Here's my "H" last year, we had a slow start to the snow, we had about 5 feet by the end of the storms. The Shovel on my atv (also an axe) is required in the summer due to fire restrictions so they never come off.


----------



## dan67 (Dec 18, 2008)

As for the front axle, I can't or haven't yet found chains that clear the struts


----------



## sublime68charge (Dec 28, 2007)

Nice looking H, gotta love the old Iron.
is that a home built blade set up or a factory option?

My family has a Ford Jubliee, that my Grandpa bought new.

have you looked into Wheel spacer's, Just an idea.
http://cgi.ebay.com/ebaymotors/1-5-ATV-Wheel-Spacers-Polaris-Scrambler-Sportsman-ATP_W0QQcmdZViewItemQQ_trkparmsZ72Q3a1205Q7c66Q3a2Q7c65Q3a12Q7c39Q3a1Q7c240Q3a1318Q7c301Q3a1Q7c293Q3a1Q7c294Q3a50QQ_trksidZp3286Q2ec0Q2em14QQhashZitem330293467840QQitemZ330293467840QQptZMotorsQ5fATVQ5fPartsQ5fAccessories
quick ebay search I have no idea of if there any good or not. I would just want to have as much traction as possible and Tire Chains are a great boost but with them only on the back and the Polaris have the true 4x4 with both front tires locked in chains on the front would also make a big difference.

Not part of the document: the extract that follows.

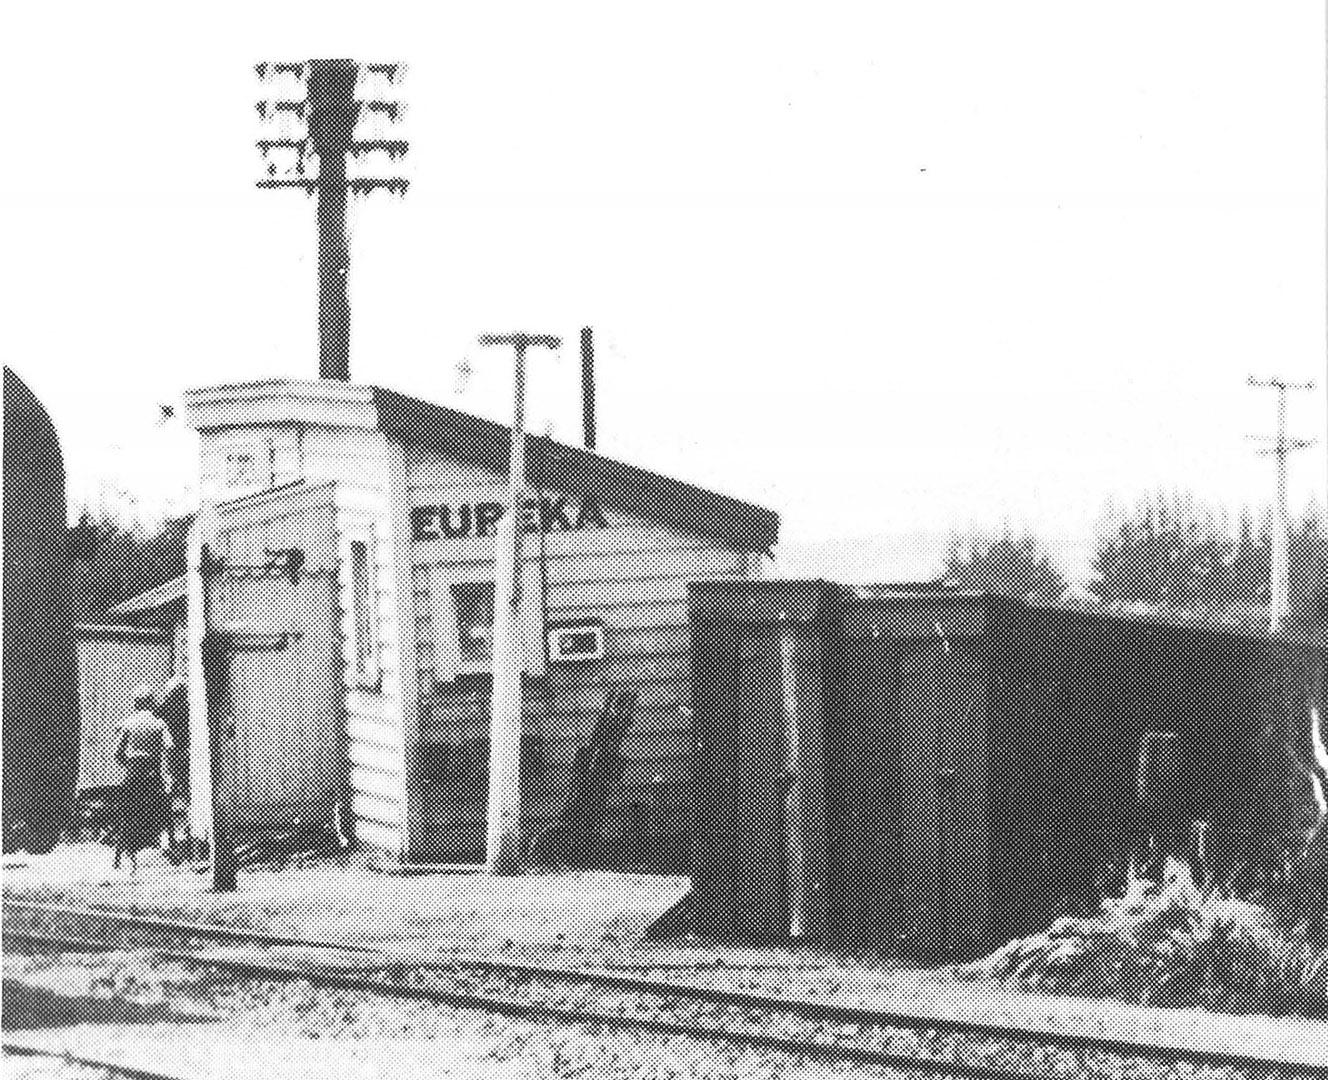 Eureka station as it was in 1956 looking from Hamilton

anyway thanks for the Pic's and the story of the shovel

sublime out.


----------



## dan67 (Dec 18, 2008)

Sub, the loader is a super six, modified for blade then i change over to bucket in summer to load horse manure, which i have lots of.


----------



## Badgerland WI (Dec 3, 2008)

dan67;687439 said:


> then i change over to bucket in summer to load horse manure, which i have lots of.


Dan...you're so full of shi*!  J/k!
Welcome to the site! Love the old equip set-up to work hard. And we think we have dependability these days...thats when they knew how to make em!


----------